Neha, Puja Chopade’s research with Harvard mentors published in journal

MADISON – Neha Chopade and Puja Chopade again have collaborated in technical study. Their research led leaders in the discipline to publish an article in a scientific journal.

Neha Chopade and Puja Chopade, who are twins, are seniors at Bob Jones High School. Their research in summer 2021 led to publishing of their article in the peer-reviewed “Journal of Bioengineering and Translational Medicine (BioTM)” on Aug. 3, 2022. For more information, visit aiche.onlinelibrary.wiley.com/doi/10.1002/btm2.1036.

Respected researchers in the field peer-review and critique articles. The work is published only if it is original and contains significance. The current Impact Factor of the “Journal of Bioengineering and Translational Medicine” is 7.09, ranking the journal ‘very important’ in the field.

For Bioengineering and Translational Medicine, the Chopades researched therapies for Alzheimer’s disease and Parkinson’s disease for six-plus weeks last summer. They contributed equally to the study while working with career professionals in the field.

The Chopade sisters learned that those two diseases are “the most prevalent neurodegenerative diseases, affecting millions and costing billions each year in the United States alone.” Despite dramatic progress in developing therapeutics that manage the diseases’ symptoms, scientists have not developed a treatment that effectively slows or cures neurodegeneration.
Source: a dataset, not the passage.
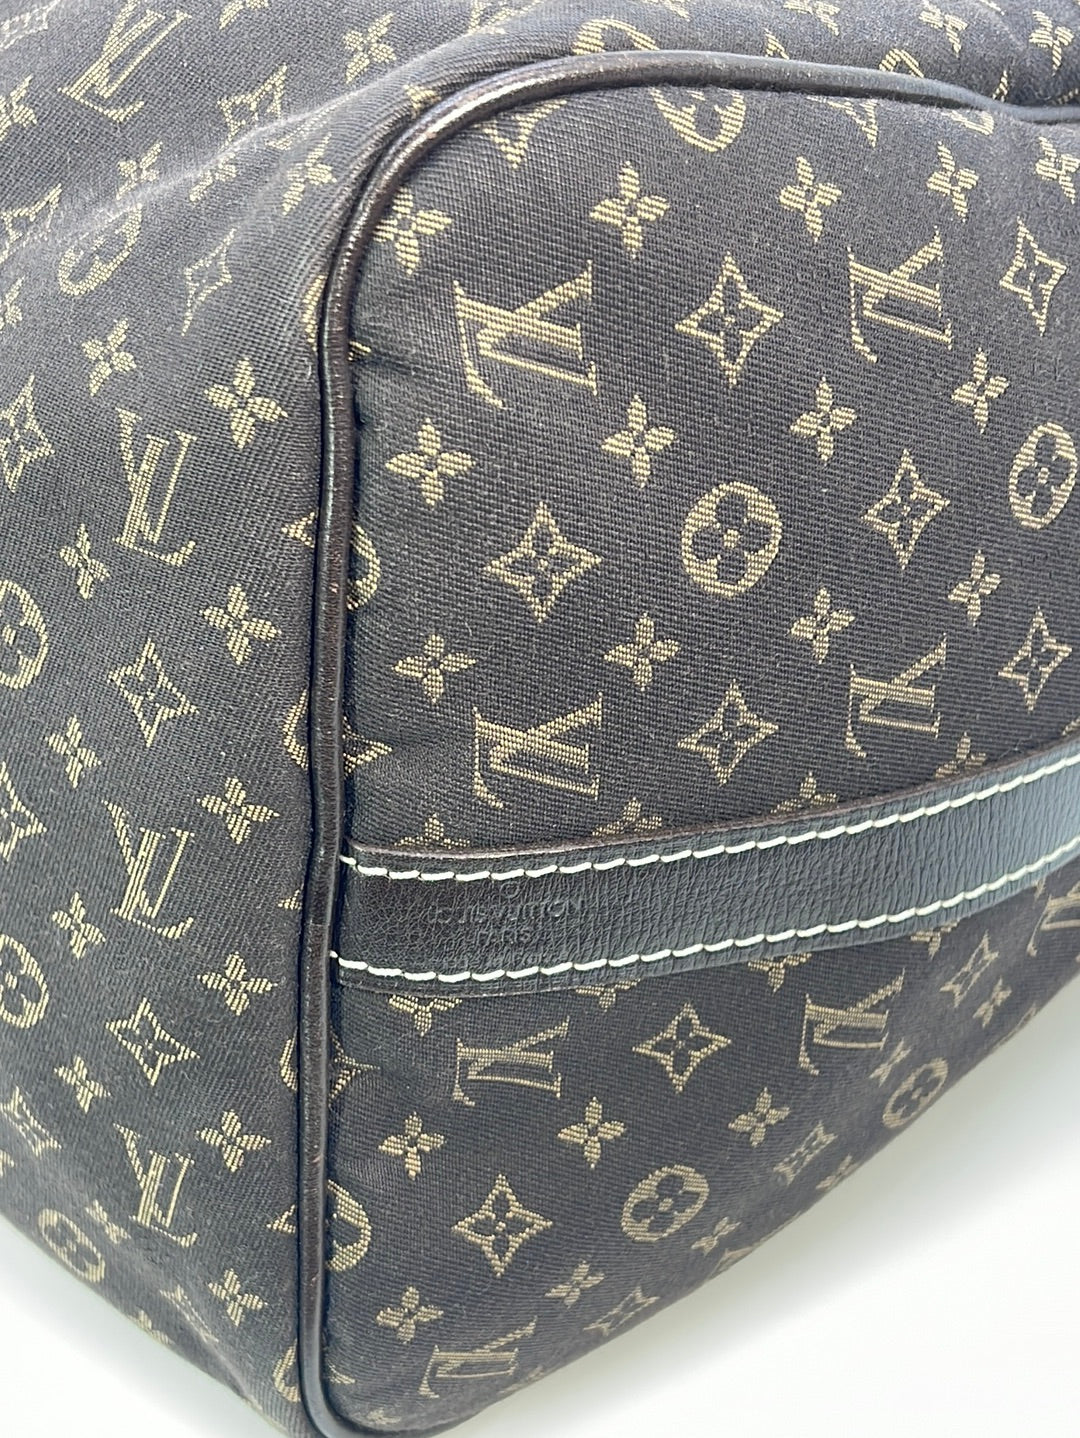 How To Clean Louis Vuitton Bag In 5 Minutes! (NEVERFULL

The Chopades researched the clinical trials database and analyzed data from about 1,000 clinical trials in each Alzheimer’s disease and Parkinson’s disease. Their work culminated in writing a comprehensive review article during their junior year of school, 2021-2022.

For their abstract document, Neha and Puja wrote, “Overall, this review aims to provide a succinct overview of the clinical landscape of AD and PD therapies to better understand the field’s therapeutic strategy in the past and the field’s evolution in approach to the present.”
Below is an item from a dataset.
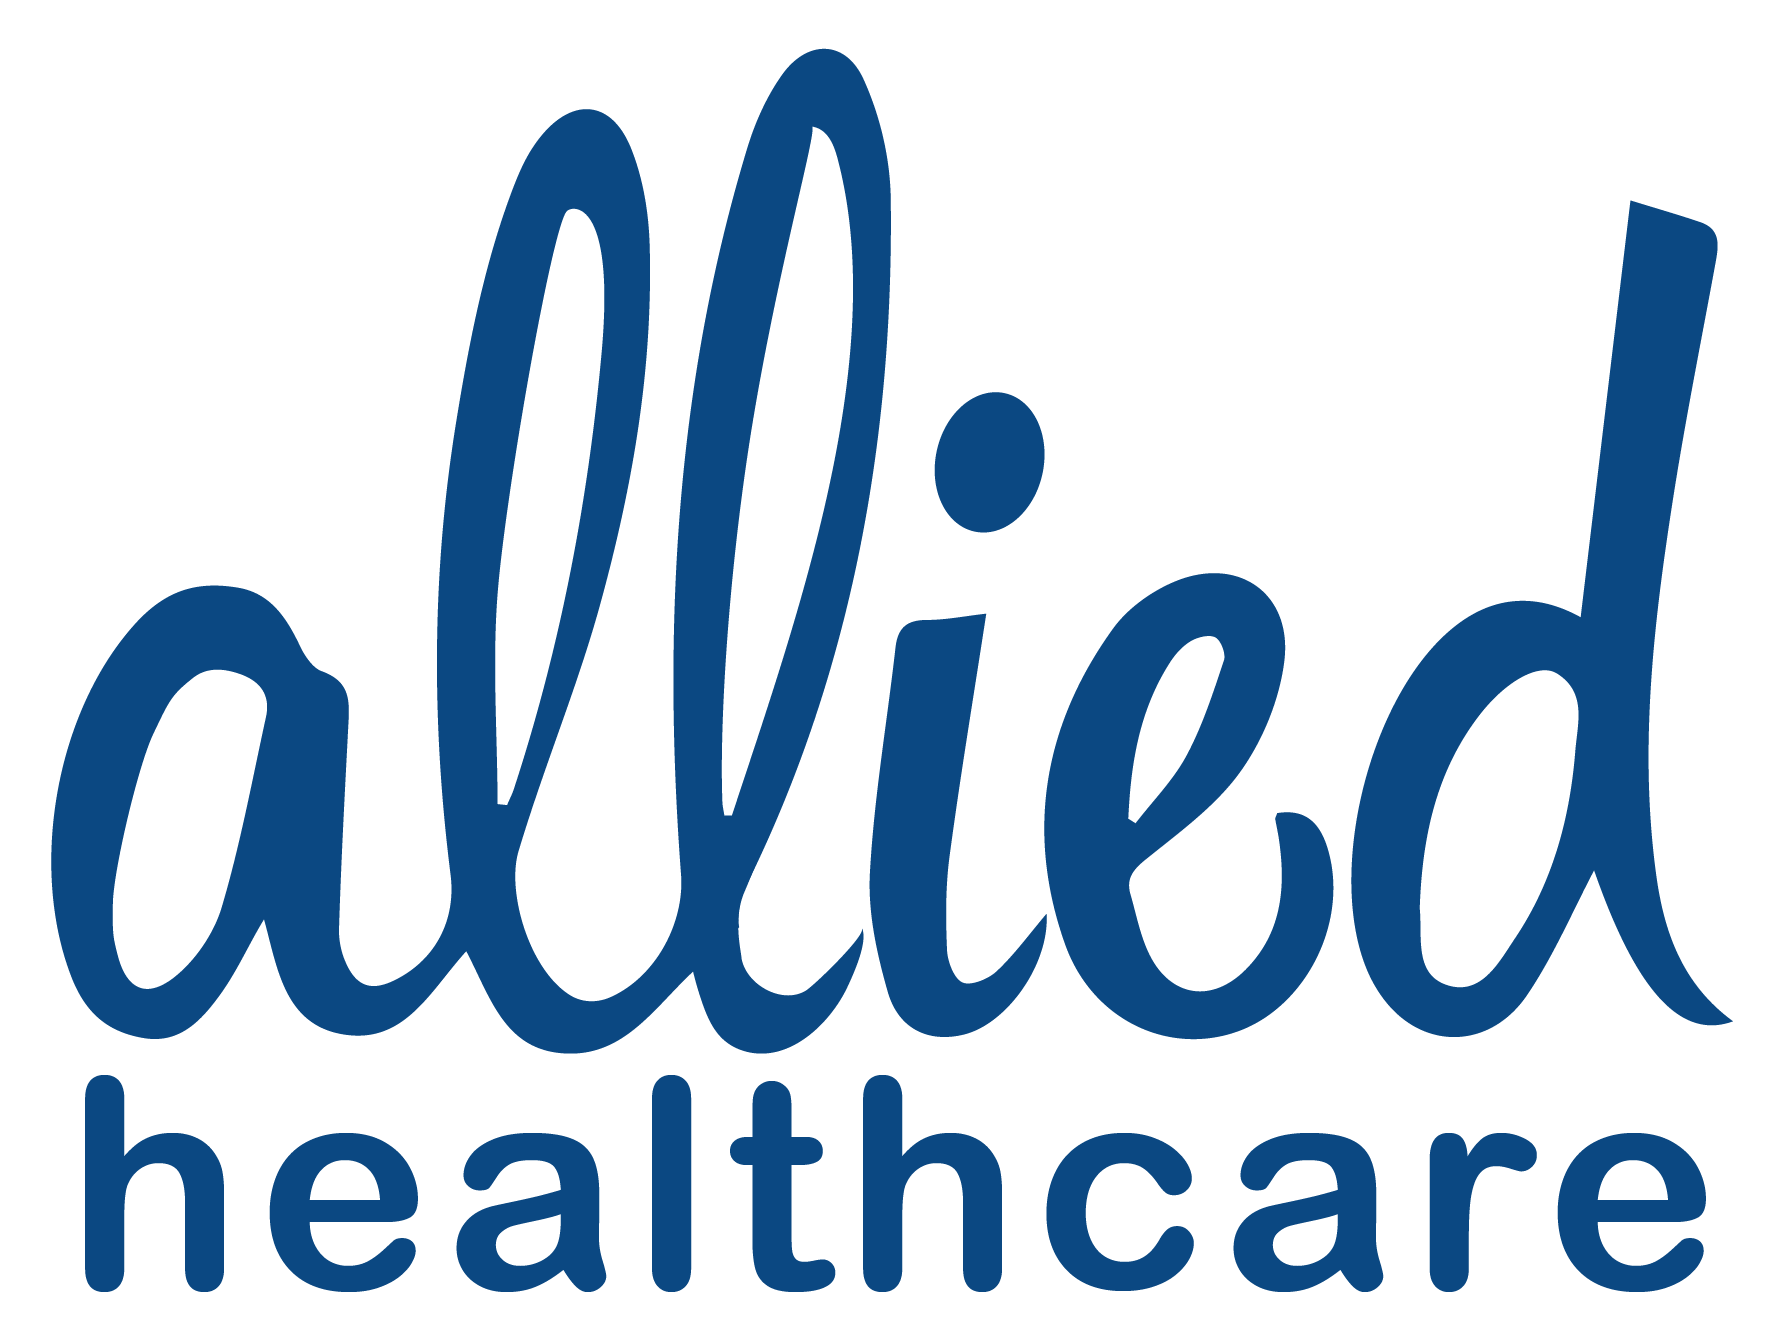 Health Care Logo - Allied Healthcare. Care and support services to live your life

Their end goal was to better inform about future methods to effectively treat AD and PD.

Neha and Puja’s mentors were staff members with the Mitrogotri Lab at Harvard University: Professor Samir Mitragotri; Vinit Suja, post-doctorate; and Rick Lao, post-doctorate.
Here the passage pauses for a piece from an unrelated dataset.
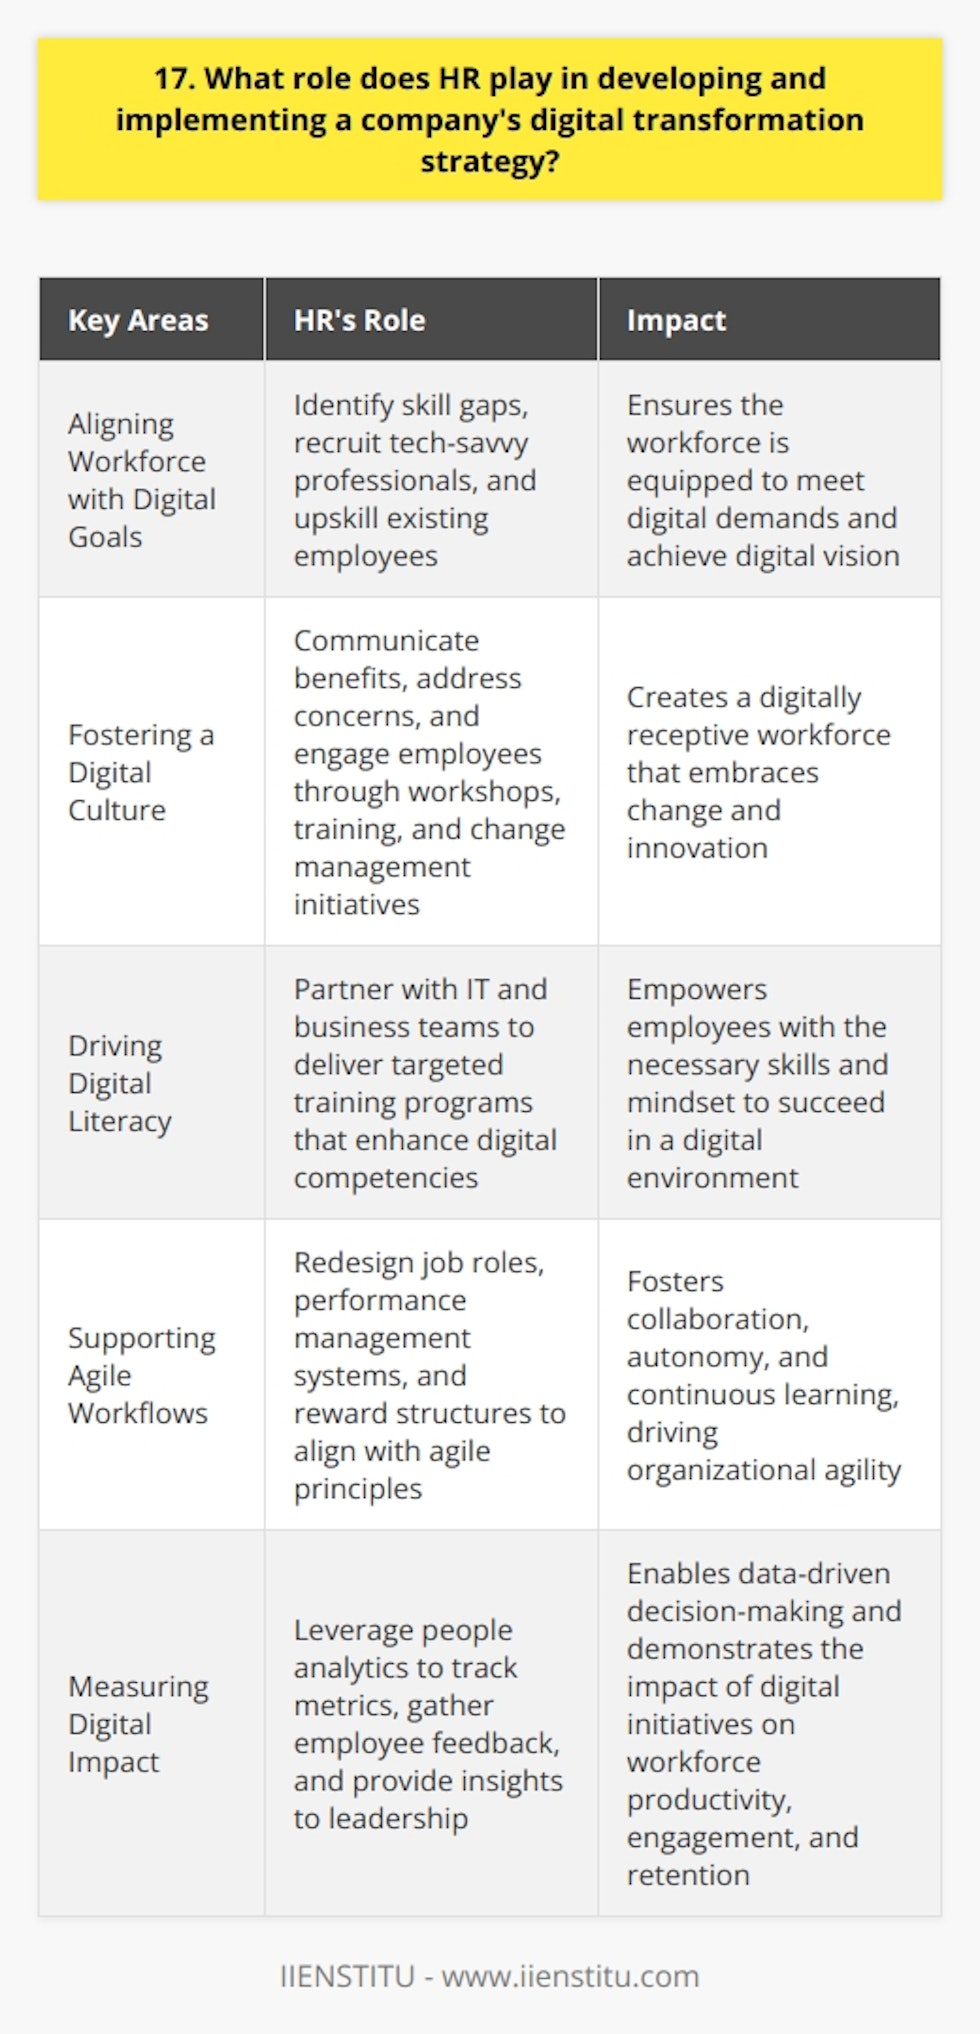 As an HR professional, I believe that we play a crucial role in shaping and executing a companys digital transformation strategy. Our involvement spans across several key areas: Aligning Workforce with Digital Goals We work closely with leadership to understand the digital vision and align talent acquisition and development accordingly. This means identifying skill gaps, recruiting tech-savvy professionals, and upskilling existing employees to meet digital demands. Fostering a Digital Culture HR is responsible for creating a culture that embraces digital change. We communicate the benefits of digital transformation, address concerns, and engage employees in the journey. Through workshops, training programs, and change management initiatives, we help build a digitally receptive workforce. Driving Digital Literacy To succeed in a digital environment, employees need the right skills and mindset. HR takes the lead in driving digital literacy across the organization. We partner with IT and business teams to deliver targeted training programs that enhance digital competencies. Supporting Agile Workflows Digital transformation often involves adopting agile methodologies. HR plays a vital role in supporting this shift by redesigning job roles, performance management systems, and reward structures to align with agile principles. We foster collaboration, autonomy, and continuous learning to drive agility. Measuring Digital Impact HR leverages people analytics to measure the impact of digital initiatives on workforce productivity, engagement, and retention. We track key metrics, gather employee feedback, and provide insights to leadership for data-driven decision-making. In my experience, Ive seen firsthand how HRs proactive involvement in digital transformation can make a significant difference. By aligning talent, fostering a digital culture, driving literacy, supporting agile workflows, and measuring impact, we become strategic partners in the companys digital journey.

Mitragotri’s research, focused on fundamental understanding of biological barriers, has led to development of new materials and technologies for diagnosis and treatment of various ailments, including diabetes, cancer, cardiovascular diseases, skin conditions and infections. (wyss.harvard.edu)

In their review, professionals stated that the Chopades’ manuscripts were “particularly well represented (in) areas including drug delivery, gene therapy, siRNA delivery, regenerative medicine, nanomedicine, biomedical devices and cell therapy.”

Because Puja and Neha worked as primary contributors, they appeared as “First Authors” (or equal contribution) in the article’s author list.

As of Aug. 5, both sisters were out-of-state in scientific pursuits. Puja is finishing six weeks of internship with Research Science Institute at Massachusetts Institute of Technology or MIT; she is working on a research project studying mitochondria and cancer cells. Neha is finishing six weeks of research internship at a biotech company in Boston, Mass.; she is studying the delivery of medicines through the skin.